Twice this week I’ve had to go to the Division of Motor Vehicles with Forest, so twice this week I sat in the moveable chair feast of DMV surrealism. There’s something about being in a place where the wait is several hours that brings out the friendly gonzo in everyone. Maybe it’s the cheer that people try to spread, knowing ahead of time that time will expand beyond horizons while here. Maybe it’s constant standing up and moving to the next seat down the line. Whatever it is, I was struck by how much strangers tend to act like family in such places.

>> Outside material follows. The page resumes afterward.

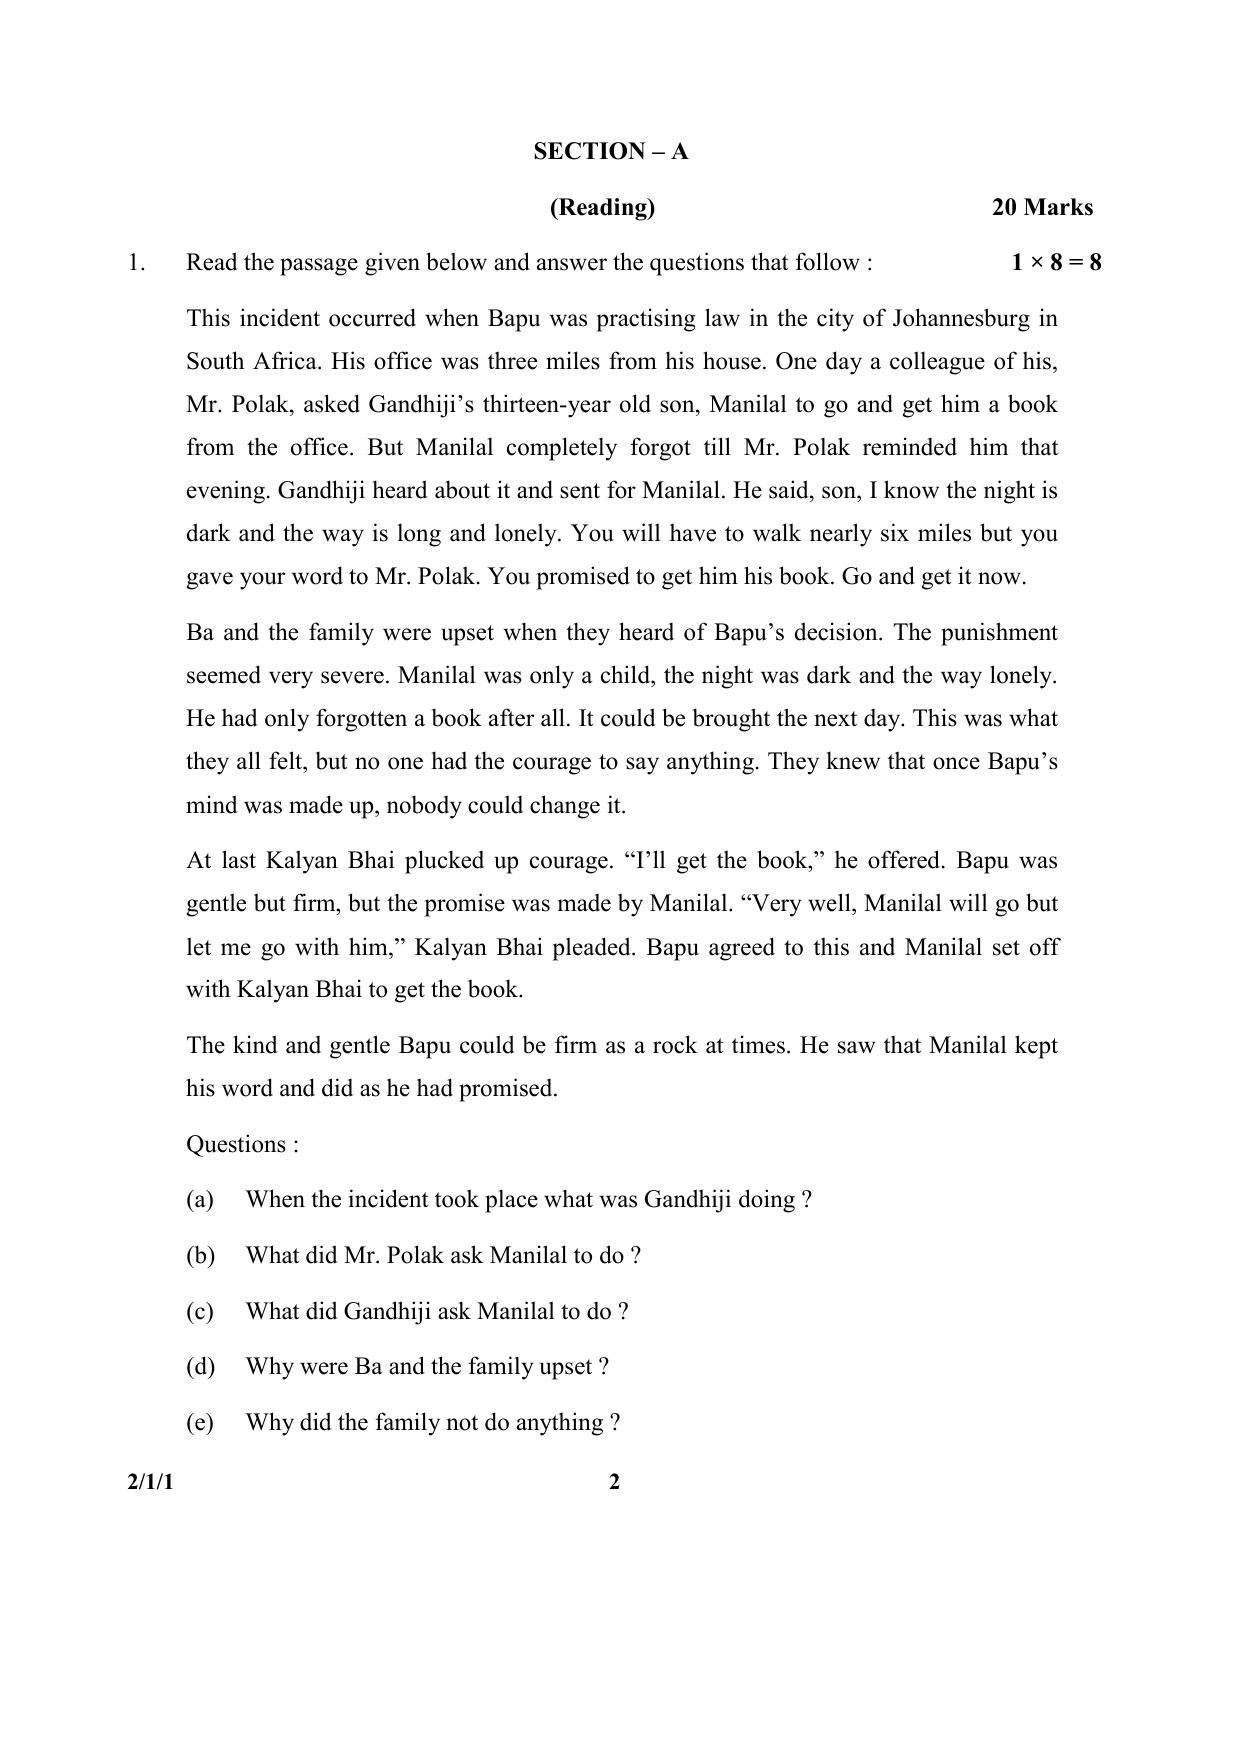 CBSE Class 10 2-1-1 (English Lan. & Lit.) 2017-comptt Question Paper - Page 2

Today, when a woman waving a giant cross and talking extremely loud with a DMV staff person called out for someone to let her use a cell phone for a long-distance call, people looked at each other. One woman started to get up with her phone in hand. “Don’t,” a man said to her. “She’ll be on your phone for a long time.” Others looked at each other or across to people they were just seeing for the first time, and politely debated whether it made sense to lend one’s phone to someone not tethered to the seemingly same reality as the rest of us. Finally, one woman walked over and lent her phone. The woman with the giant cross talked for a long time and loudly. “At least we’re safe from vampires,” one man said to a teenager next to him. We all nodded.
There were conversations about what people were having for dinner (two women were planning on big steaks and mashed potatoes), whether a new driver really wanted to declare herself a Libertarian while registering to vote (“Do you even know what a Libertarian is?” someone asked her), and how sitting on these hard plastic chairs was a treat after riding a motorcycle.
Finally, it was our turn, and by the time we left, close to two hours after we arrived, I didn’t feel tense from two hours of waiting (having a laptop to work on the whole time helped), but bemused by how in the bureaucratic staleness of an understaffed agency, we could hang out with each other as if we were old friends who had seen it all.